++++ Exercise input ++++

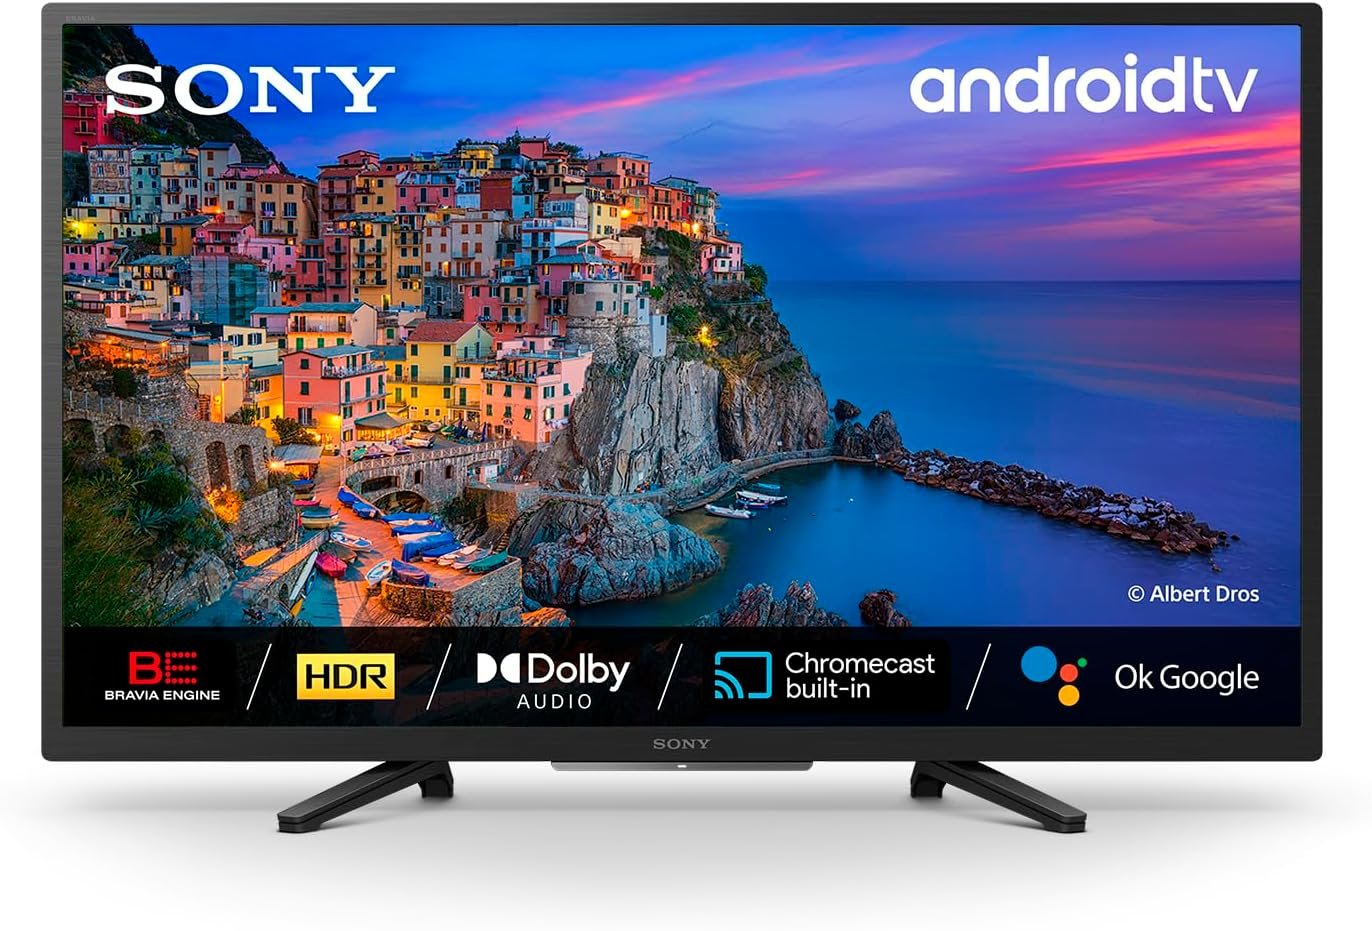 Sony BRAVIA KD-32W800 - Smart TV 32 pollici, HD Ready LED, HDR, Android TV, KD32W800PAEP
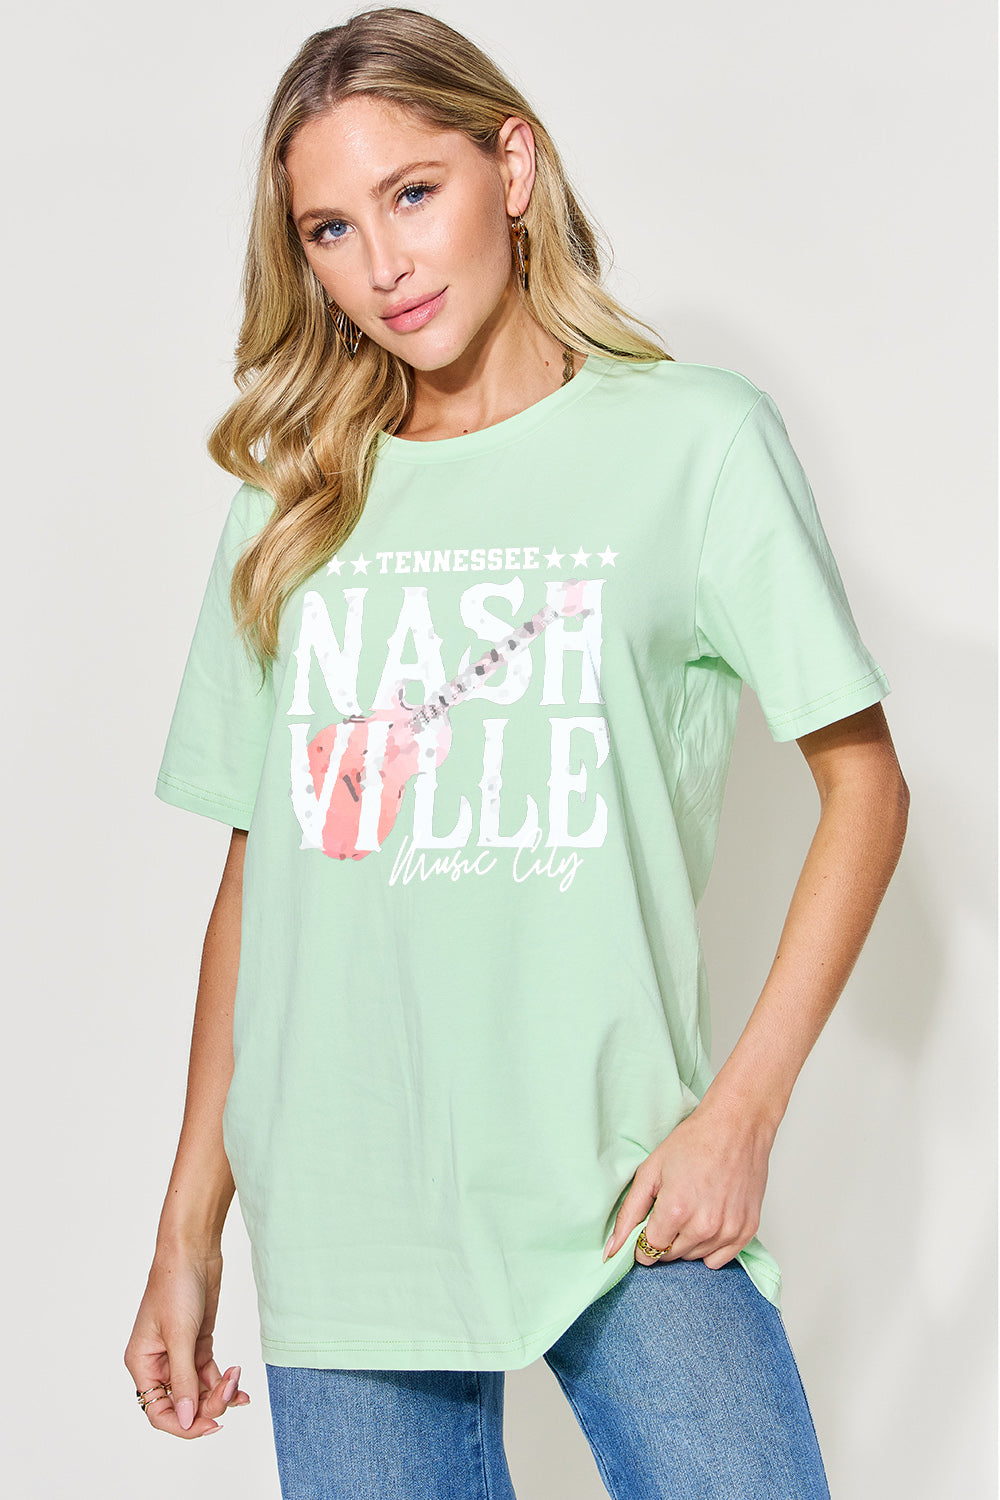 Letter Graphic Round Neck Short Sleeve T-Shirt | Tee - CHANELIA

++++
++++ Exercise input ++++

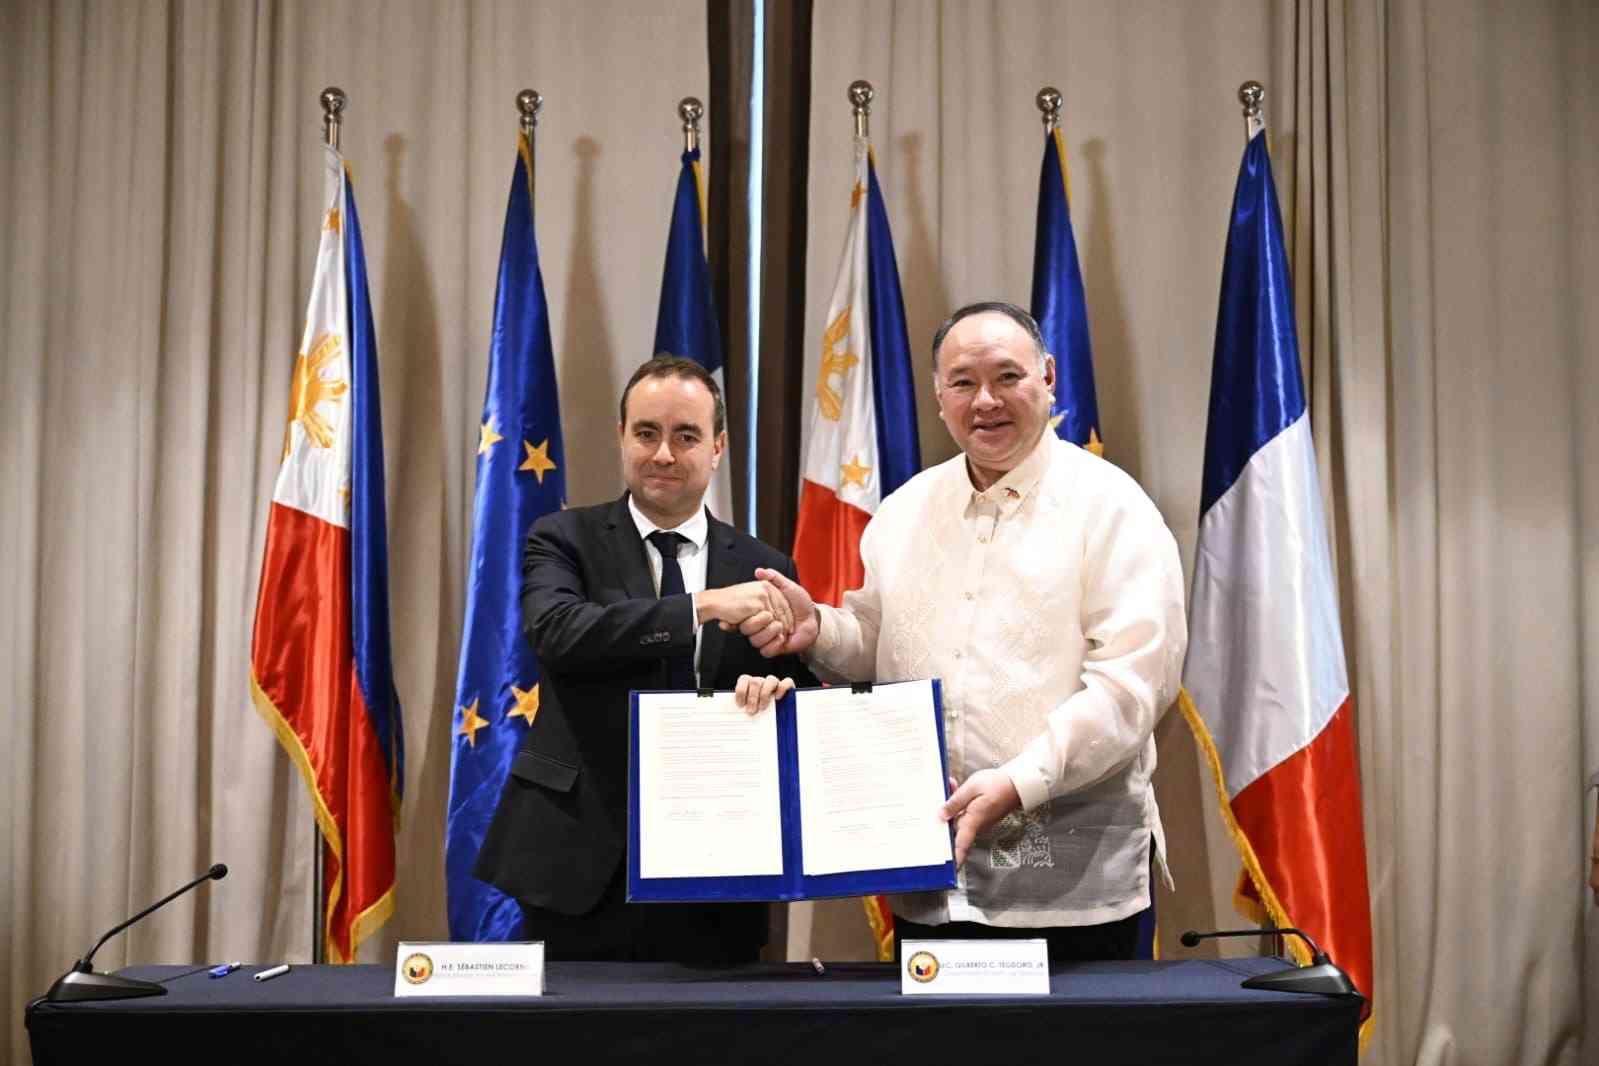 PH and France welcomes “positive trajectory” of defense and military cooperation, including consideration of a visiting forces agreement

++++

**What is needed**. In the entries above, find the line with "Sony BRAVIA KD-32W800" and the line with "Letter Graphic Round". Write out exactly those two lines and every line between them, pictures excluded.

**Solution to the problem**.
 Sony BRAVIA KD-32W800 - Smart TV 32 pollici, HD Ready LED, HDR, Android TV, KD32W800PAEP
 Letter Graphic Round Neck Short Sleeve T-Shirt | Tee - CHANELIA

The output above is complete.